This week’s restaurant: Sal & Sons Pizza & Pasta, 1520 N. Mountain Ave. (at Sixth), Ontario.

Sal’s opened in November in the modern-looking shopping center visible from the 10 Freeway across from the Edwards 14. Sal’s has some connection to the Graziano’s chain, although it’s unclear what. The menus are similar.

It’s a peppy, fast-food-looking place, on the small side, with yellow and red being the dominant colors. You order at the counter. They have a variety of pizzas, a dozen pastas, plus calzones and hot and cold sandwiches.

I’ve now been there twice. In January, I got one of the lunch specials, a half-order of lasagna with a salad and soda (price forgotten, but under $7). Kind of thin — it was like the half order was done horizontally, giving you two layers out of four — but good, and the price was right.

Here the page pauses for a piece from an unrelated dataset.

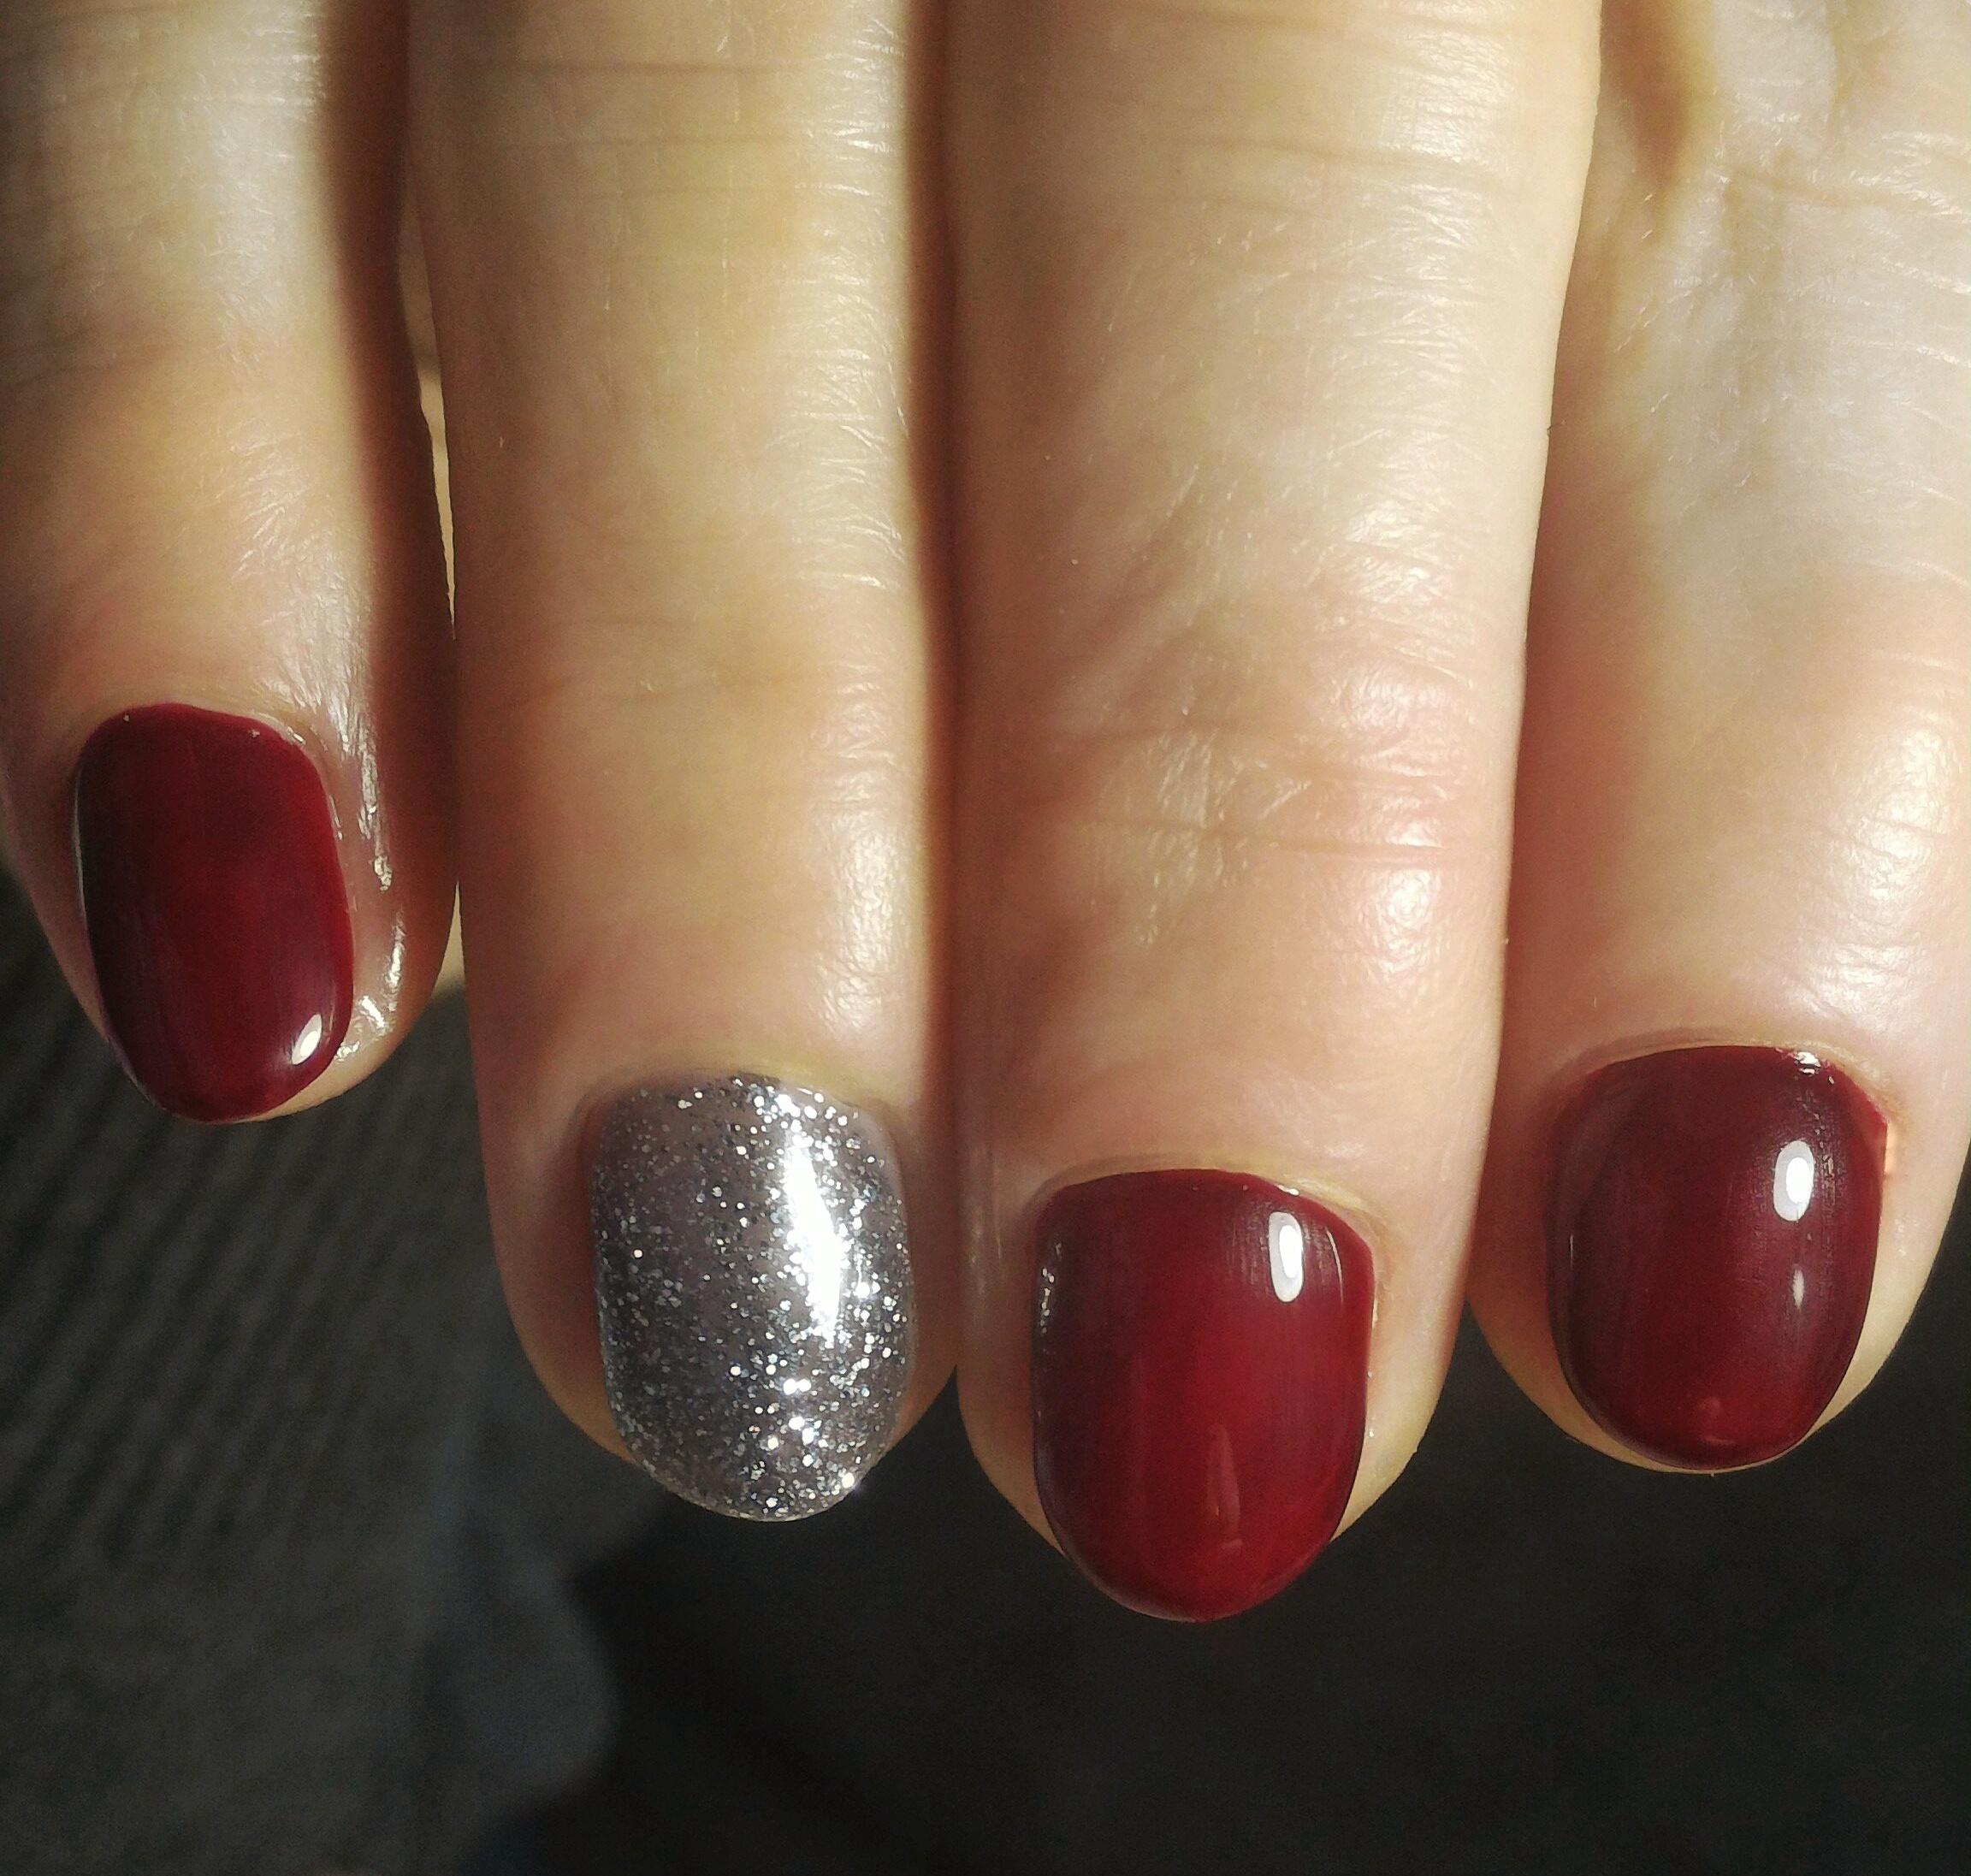 Маникюр с серебряными блестками в темно-красном цвете.

On Wednesday I returned for a pizza. I got an 8-inch mini-pizza, luna style ($7.70), a small salad ($2.35) and small drink ($1.25).

The pizza had olive oil, garlic, mozzarella and romano, no tomato sauce. Perhaps too much olive oil, but the crust was nice and thin, with a light, crunchy edge. The salads here are just chopped lettuce and a single tomato slice. It might be worth adding a topping for 95 cents. Or not, since for $5.25 you could get a small antipasto salad.

Sal’s has a variety of lunch specials and dinner specials, all under $7. Not a bad place for a low-cost meal if you’re in the neighborhood, such as before or after a movie.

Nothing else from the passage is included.